# Documentary 5D mk iii setup



## threedsnack (May 19, 2012)

Hey guys, I've been browsing around for a while now for personal setups for shooting documentaries so to help improve mine. I just want to know what an effective setup for a 5D mk iii would be. My current inventory (at my school job) consists of:

5D mk iii
24-105 & 50mm lenses
H4n for audio
Azden Shotgun mic
steadicam
Lav mics

So, My main conflict is with audio. I've seen people just plug their xlr from their mic directly to a camera mounted juicedlink, or a digital recorde (to then sync in post). Realistically I will not have time to sync up all the footage in post, so it would be nice to have my audio running with my cameras video. How can I effectively go about doing that? What am I missing in my setup for a simple but powerful rig? 

Should I ditch my Zoom h4n for a pre amp? (is it possible to use the h4n as just a pre amp and run audio into the camera?)

Thanks in advance for any help and/or advice you can lend me.


----------



## paul13walnut5 (May 19, 2012)

Congratulations. Folk spends lots of time and money on the video gear and forget about the audio.
Poor video can usually be salvaged. Poor audio is often terminal.

I use a beachtek DXA-5Da with my 7D, T3i and T2i. This gives me the necessary AGC disable (not an issue on the 5D3 with it's manual levels) but also 2x XLR inputs and a headphone socket.
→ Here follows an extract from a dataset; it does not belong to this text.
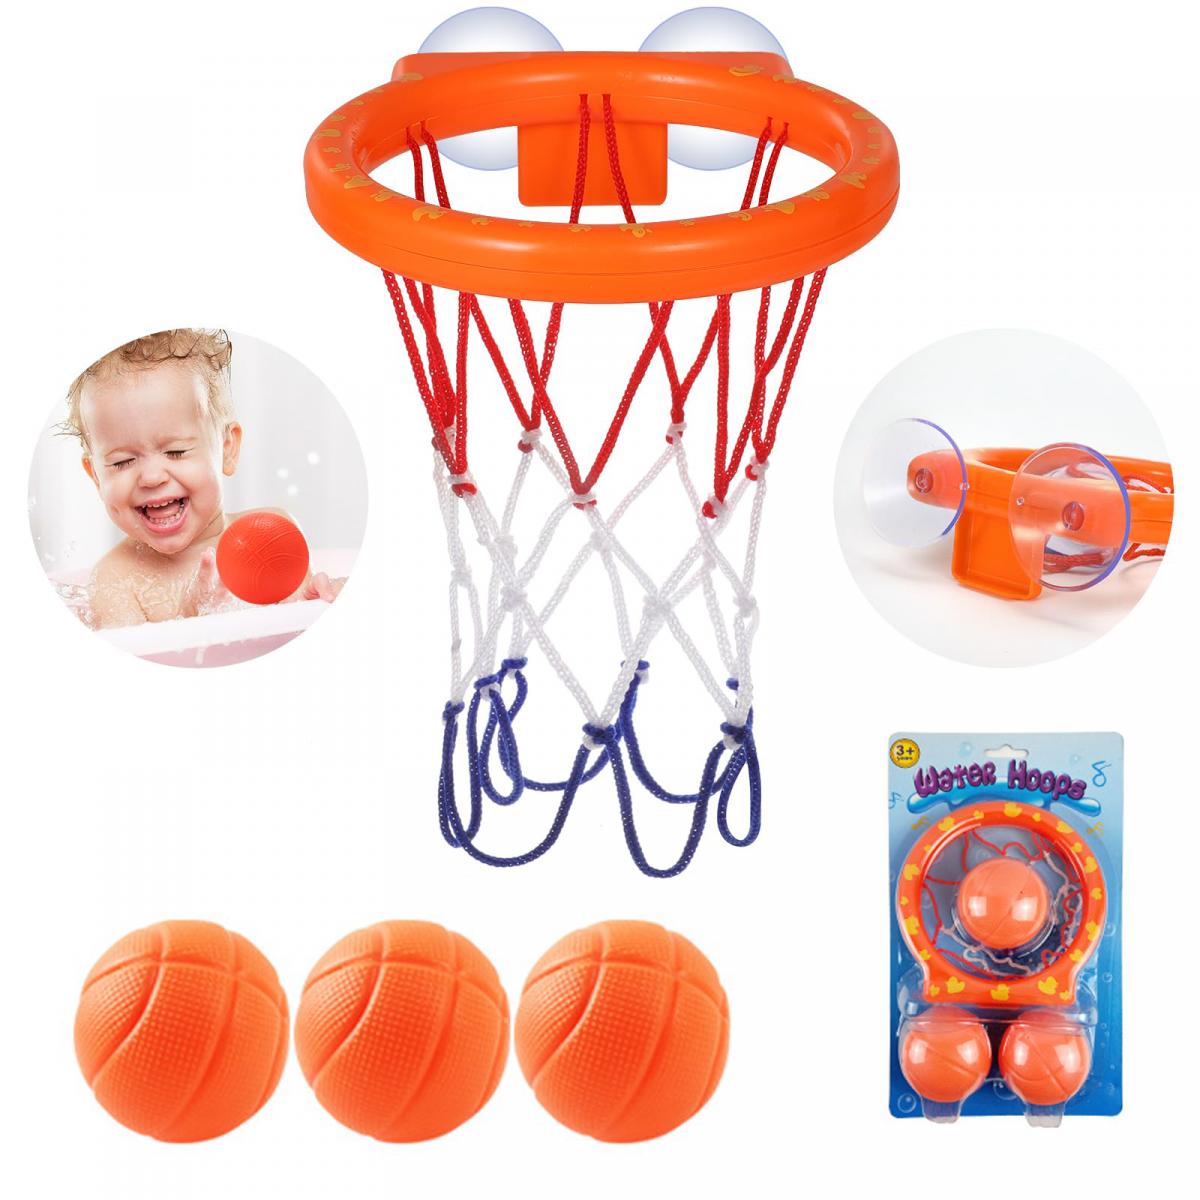 Bath toys, suction cup basketball hoop for boys and girls, and 3 soft ball set

Again you don't need this for a 5D3 as you can headphone monitor straight from the camera.

So you could actually go for a more basic and cheaper beachtek that would give you synched audio within the video files off the memory card.

They do a model for camcorder users, the DXA-2T, which would suffice for your camera (as the 5D3 has a headphone socket built in) with the right microphone.

You'll need to cut the video pin off it, but apart from that it's perfect for a 5D3.

I'm not familiar with the azden brand. I had a google and to be honest I would consider changing it.

I use a Rode NTG-2 for my home kit, and a Sennheiser K6-ME66 combo for my work kit, big price difference, but the cheaper rode is actually a very very good mic for not a lot of money. Both these mics take an internal AA battery, negating the need for a phantom power source, and run quite 'hot' keeping the camera pre-amp levels low, so the cheaper DXA-2T would suffice.

Other benefits to the Beachteks:

mic line switching

independant channel levels (basically attenuators, use full up unless level really hot)

stereo (independent L & R tracks) and mono (linear stereo, basically both mono inputs mixed together on each of the audio tracks)

If you get the DXA-2T (without phantom) there is no power required, so nothing to charge up or forget to power on)

It fits on the camera tripod thread, so it can be left on the camera (no rig or gaffer tape, mounting gubbins required) and you can still use the tripod with it in place.

Don't get me wrong, in terms of absolute sound quality the zoom is a better file format, better preamp etc, but a whole lot more hassle. My set up is as good as what I was getting on my ENG cameras.

I use beachteks and I'm doing this professionally. If the sound was poor I simply wouldn't use it.

Get yourself a set of half decent closed back cans (AKG-k450s are good budget monitors, sennheiser HD-25-II's are the default ENG headphone, very very good but triple the cost)

I would also consider getting a mic stand for interviews, i use a beyer dynamic having went through about five cheap ones. Mic stand is brilliant for micing off camera out of shot.

The very cheapest option for your synching problem would be to run a short minjack lead from the zooms headphone port into your body. But keep the zoom headphone levels very low and use the manual record level in the 5D3.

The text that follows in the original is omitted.